Gayford convincingly conveys Hockney’s growing enthusiasm and energy for his task. When he alluded to Noël Coward’s dictum that “work is more fun than fun”, Hockney’s rejoinder was to quote Alfred Hitchcock’s variation on the old saying “All work made Jack”. Hockney’s burst of productivity manifested itself in a constant stream of new images arriving in Gayford’s inbox ready for distanced scrutiny. Some of this work will feature in a new Royal Academy show due to open this May. Examinations of Hockney’s lines made with crayons, charcoal, pencils and the ultra-thin marks available via an iPad led Gayford to ruminations on drawings by Rembrandt and Van Gogh. Paintings of the garden expanded into thoughts on Monet. Mention of the work of Hockney’s support team – Hockney often says “we” rather than “I” – spilled into assistants as a sub-genre of art taking in Velázquez, Tintoretto, Rubens, Warhol and Lucian Freud.

Gayford is a thoughtfully attentive critic with a capacious frame of reference and his brief excursions into houses in art, Hockney’s reading (Flaubert, Proust, Julian Barnes), his musical tastes (Wagner), and that almost definitive Hockney subject, the depiction of water – described by Hockney as always a “nice problem“ for an artist – consistently illuminate both Hockney’s work and the other artists his work brings to mind. (It should be added that the reader can see in the comprehensive illustrations almost everything Gayford mentions.)
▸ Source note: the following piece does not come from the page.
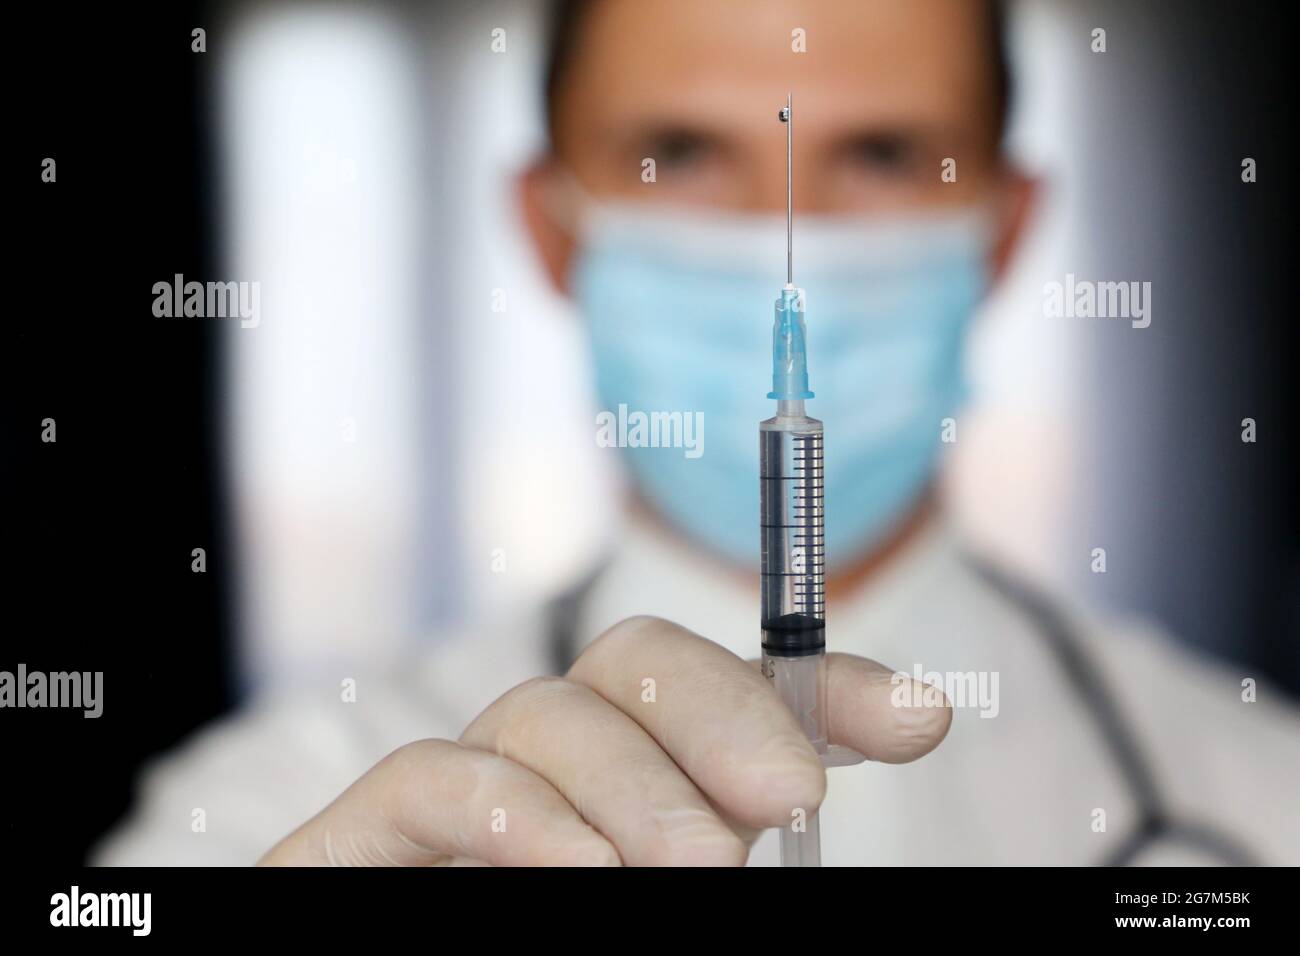 Médecin avec seringue en main, homme dans un masque médical se préparant à l'injection. Concept de vaccination pendant la pandémie de Covid-19 Banque D'Images

While Picasso is the artist Hockney most often talks about, Gayford cites more often another favourite, Van Gogh, who liked to attach little sketches to his letters much like Hockney does with his emails. Living in the scruffy outskirts of Arles, and somewhat isolated as no one much liked him, Van Gogh just got on with making memorable and beautiful art with what was around him. The unprepossessing flat farmland of Hockney’s Yorkshire and now Normandy would similarly be seen as not obviously ripe locations for such close inspection, but as Gayford says, the moral is that “it is not the place that is intrinsically interesting; it is the person looking at it”. Following the spring Hockney continued to capture his four acres on through the summer and the harvest and the glimpses of autumn moons in anticipation of this year’s spring, for which he was intending to ban visitors to his home from March to May, lockdown or not.
• Spring Cannot Be Cancelled is published by Thames & Hudson.